In 2000, he was a consultant to Caloocan mayor Rey Malonzo "for entertainment and cultural affairs".

On March 25, 2002. he released the album "Porno Daw"

In 2010, he was one of the judges in ABS-CBN's noontime variety/talent show Showtime. He later returned as a judge in the Showtime segment "Hype Best".

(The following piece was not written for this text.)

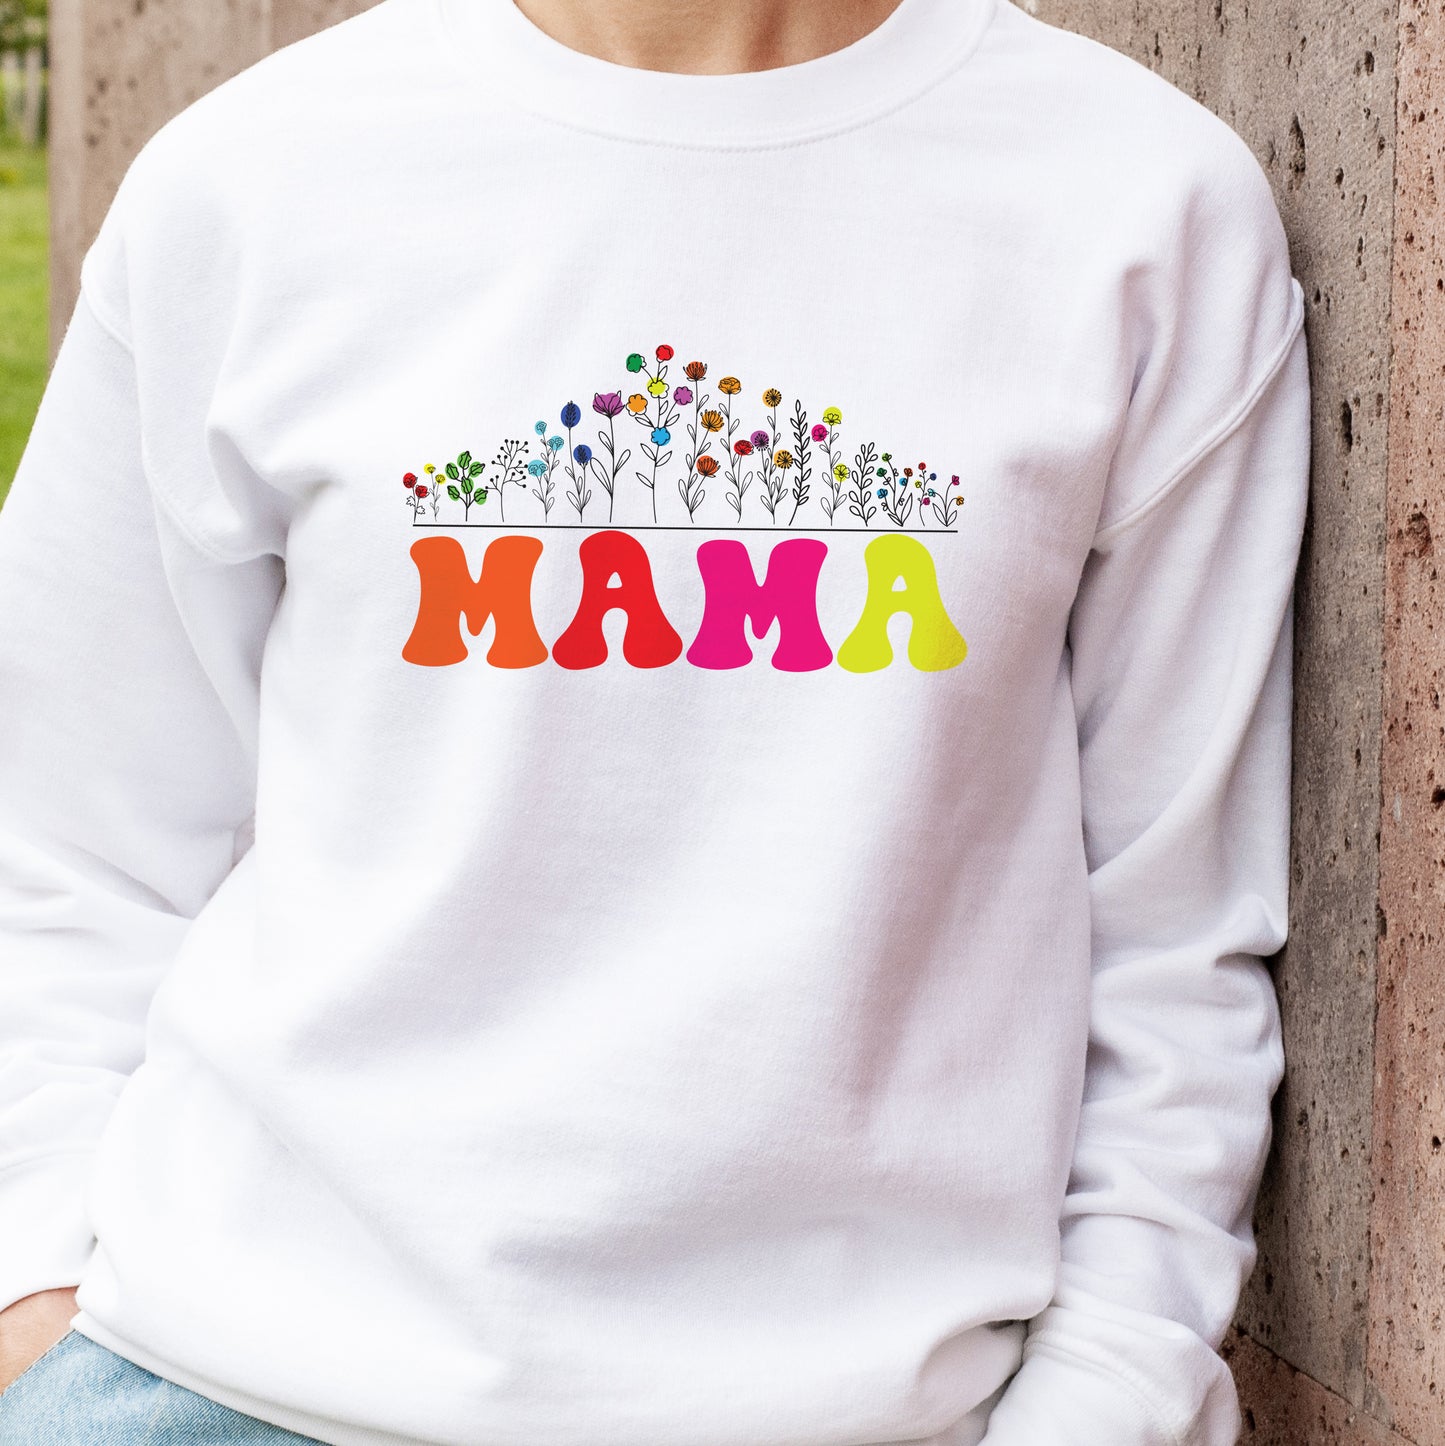 Parenting loungewear Mama jumper bright coloured print on a white sweatshirt

He has notably collaborated with Sharon Cuneta, Willie Revillame, Joey de Leon, Regine Velasquez, Francis M., Ogie Alcasid, Janno Gibbs, Carlos Agassi, Death Threat, Salbakuta, DJs such as DJ Coki of Wil Time Big Time, DJ MOD of Showtime and DJ Belal of New York, and actresses such as Maricel Soriano, Ana Roces, Nanette Medved, Charlene Gonzalez, Vina Morales, Sheryl Cruz, Gelli de Belen, Alice Dixson, Amanda Page, Rufa Mae Quinto, Donita Rose and Rica Peralejo.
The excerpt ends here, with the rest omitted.